Most server operating systems have email server programs available right from the start. Windows and Mac OS X have their own proprietary programs and linux has many open source iterations to choose from. Microsoft's program is the Exchange server. Apple uses a compilation of open source services like SquirrelMail and postfix all put together to make one unified mail system. Linux has a whole bunch of stuff and arguably the best selection. You can chose from sendmail, postfix, fetchmail, qmail, imap, exim and a whole bunch of others. Postfix is generally used by most Linux administrators.

Web page servers

The most common is the apache server. This program is available on any platform, but is most supported by linux. Microsoft has it's own program called IIS, which is on Windows Server 2003 and XP professional. However, if you want, you can install third party programs on windows such as sambar, xitami, omni and apache. Apple takes it's cue from Linux by going with apache. And, apache is almost always used on linux. What to use? Apache is the general answer.

Database management

While databases don't actually work as an online agent, they are mostly used by web programs. They are used by email servers to store their email, by webforum programs for managing posts, by web page servers to keep track of browser input, by irc servers to keep track of logs and by php scripts to store variables and information. There are just too many internet programs that use them to not list it. As before, windows has it's own database program called Access and Apple makes use of the open source programs. What is the best one? It might be a good idea to research each one before you make the dive, but the one most commonly used is MySQL. It's the one that Apple comes with and is used by linux administrators everywhere.
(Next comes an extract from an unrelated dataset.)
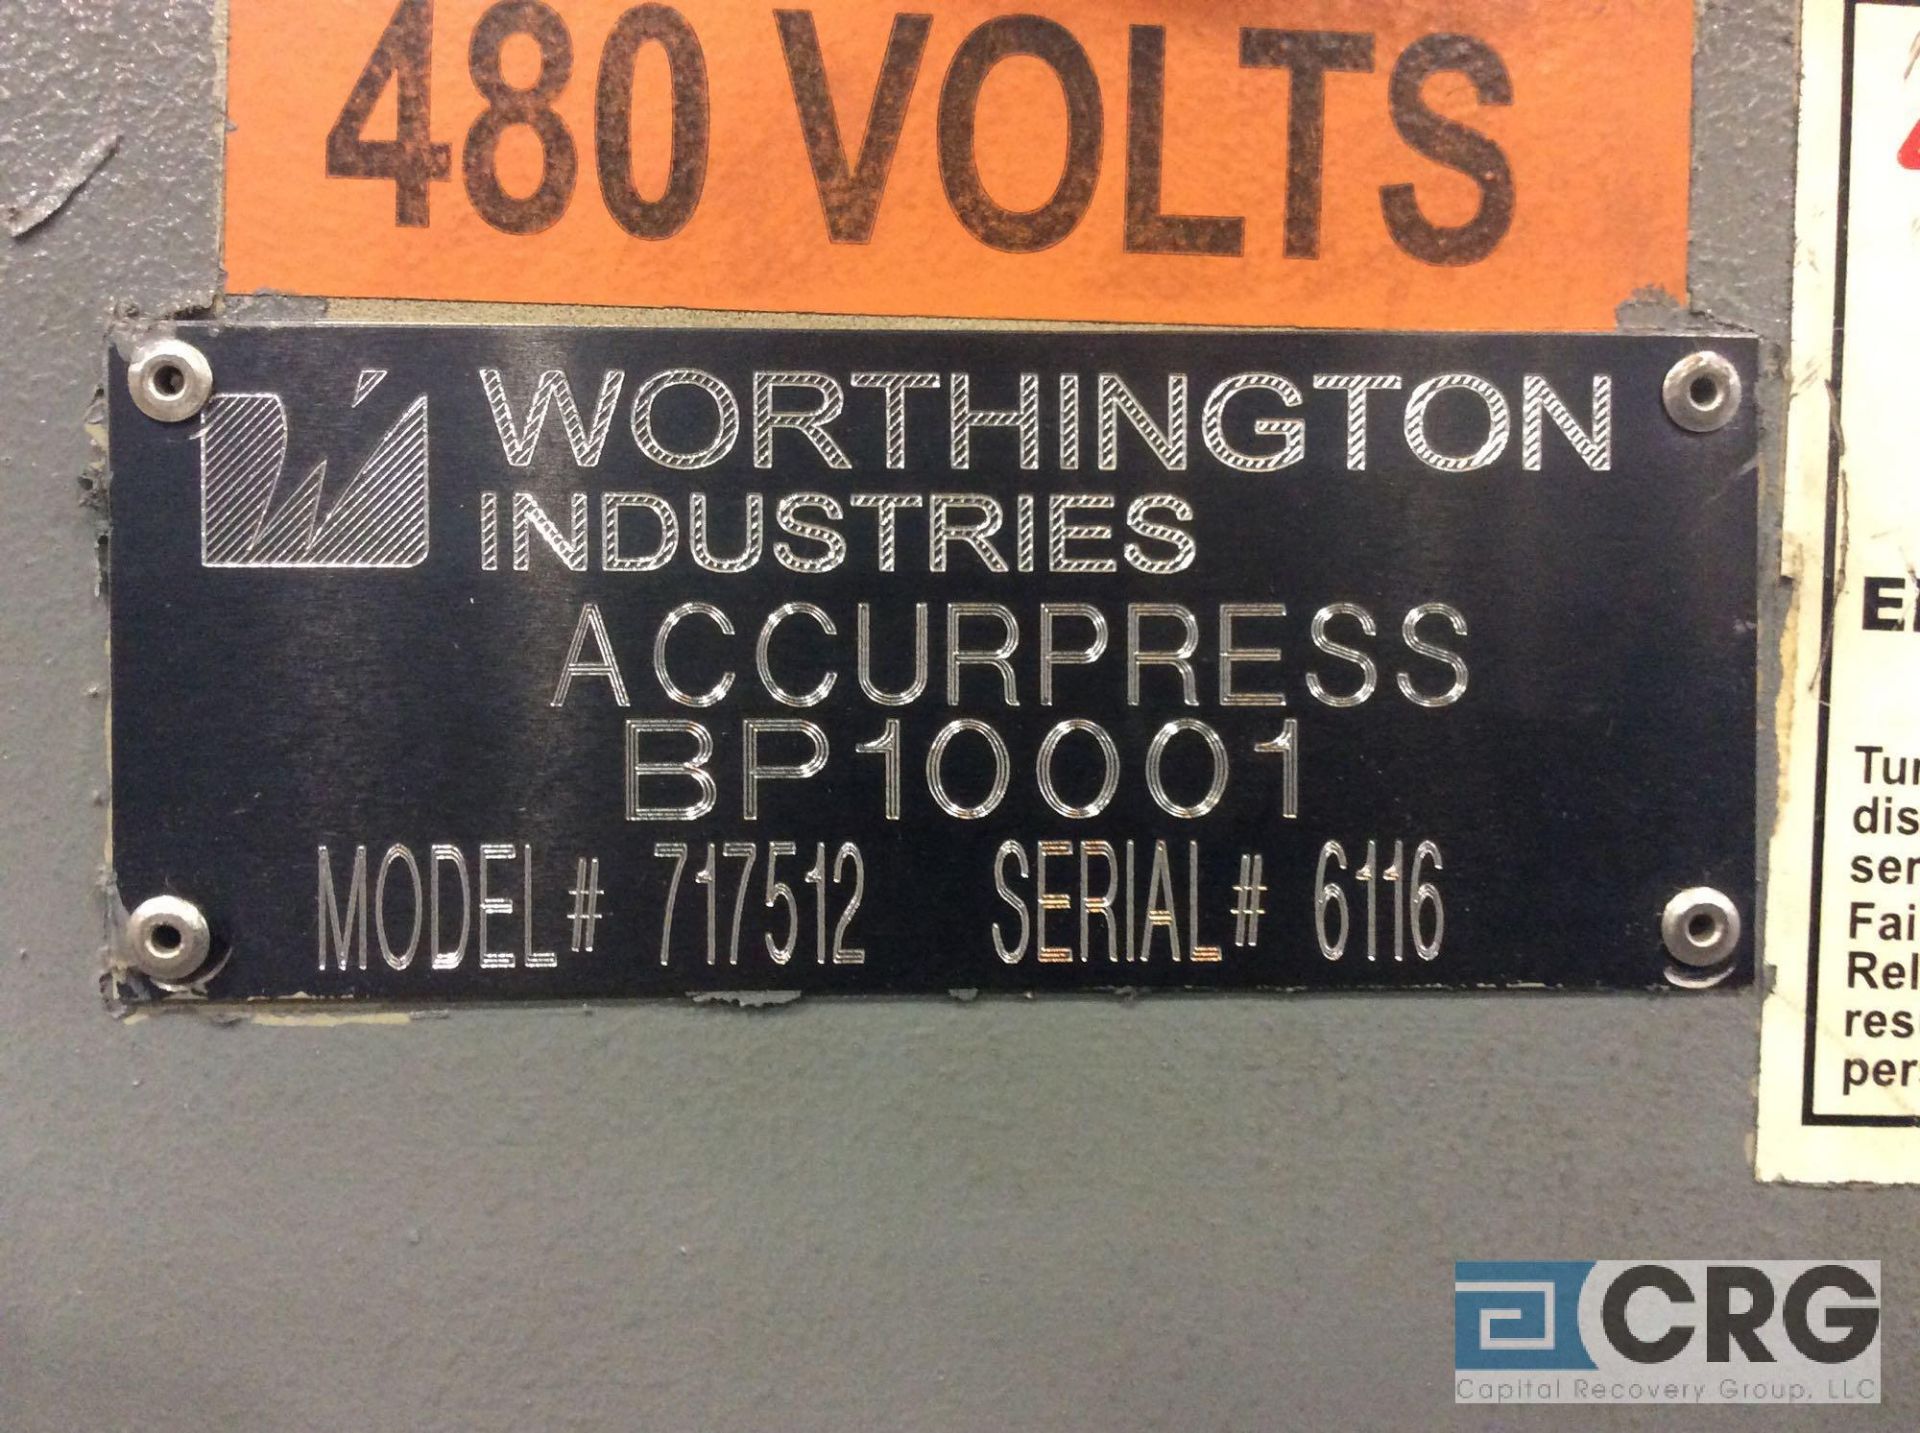 AccuPress 717512 CNC hydraulic press brake, 175 ton cap, 12 foot, with ACCUPRESS controls and ETS - Image 4 of 7

Internet radio/video streaming

Internet radio is far more within your grasp than you may think. Most media player programs have free streaming server applications because they want to have as many media stations as they can. Winamp is a good example. Their shoutcast server is completely free and works on windows and Unix sytems (that means linux too). If you want something different, you can use the VLC. VLC is most supported by linux, but is fully functional on MACs and Windows PCs. There are also the proprietary programs to keep in mind, such as Window's media player and Quicktime for apple.

Gameservers

Gameservers are one of the most used services supplied by the average Joe. The good thing about most gameserver applications is that even though the actual games don't support different operating systems, the server applications will. In fact, you'd be hard-pressed to find a gameserver application that didn't have a version for another OS. Whats even better is that most videogame companies will give you gameserver applications without even buying the game. It makes perfect business sense, and I don't think companies need the added praise, but it's still very cool. If you're looking for a paticular online game's server program, just go to it's official webpage and look for servers.

Administration interfaces

While Windows and Apple already have convoluted interfaces, putting an interface on a linux and Unix server application can make it feel a whole lot easier. In the long run, it is always better to familiarize yourself with configuration files and commands of a paticular program. You aren't restricted to an interface's input feilds and you can integrate extra code into your system. You also won't have to worry about changing other people's systems since all the interfaces update themselves according to the configuration files (not the other way around). However, since you are probably doing this for the first time, you may want "training wheels" to help you out. The most popular GUI is webmin. It covers Appache HTTP server, Fetchmail, Sendmail, mySQL, Postgre, Postfix, Qmail, SSH, Samba, and Spamassasin. View the complete list here. The second choice for most administrators is Linuxconf. However, linuxconf is more OS orientated. This may be a good or bad thing. If you are more concerned with controling linux than compadability with webserver programs, this would better suit your needs. If those two still don't fit your needs, you could try cPanel or ASM. If you are having trouble with a paticular serving program, there are many program-specific GUI's which can sometimes be more precise and better-suited for it. They will probably have better documentation and be easier to find since they're more specific.

Part Two: Composition

Part One: A Neophyte's Introduction | Part Two: Composition | Part Three: Reference Repository


Part Two: Composition

Before you start:

Before you start building a server, there are a few things you need to have beforehand. I've actually listed them all in part one, but not in physical detail. In some cases, what you need depends on which composition you are going to use. This guide gives you two different server compositions for personal preference. The first is a Linux Ubuntu server and the second is a windows server. I'll go through the requirements and tell you what you need for the different builds.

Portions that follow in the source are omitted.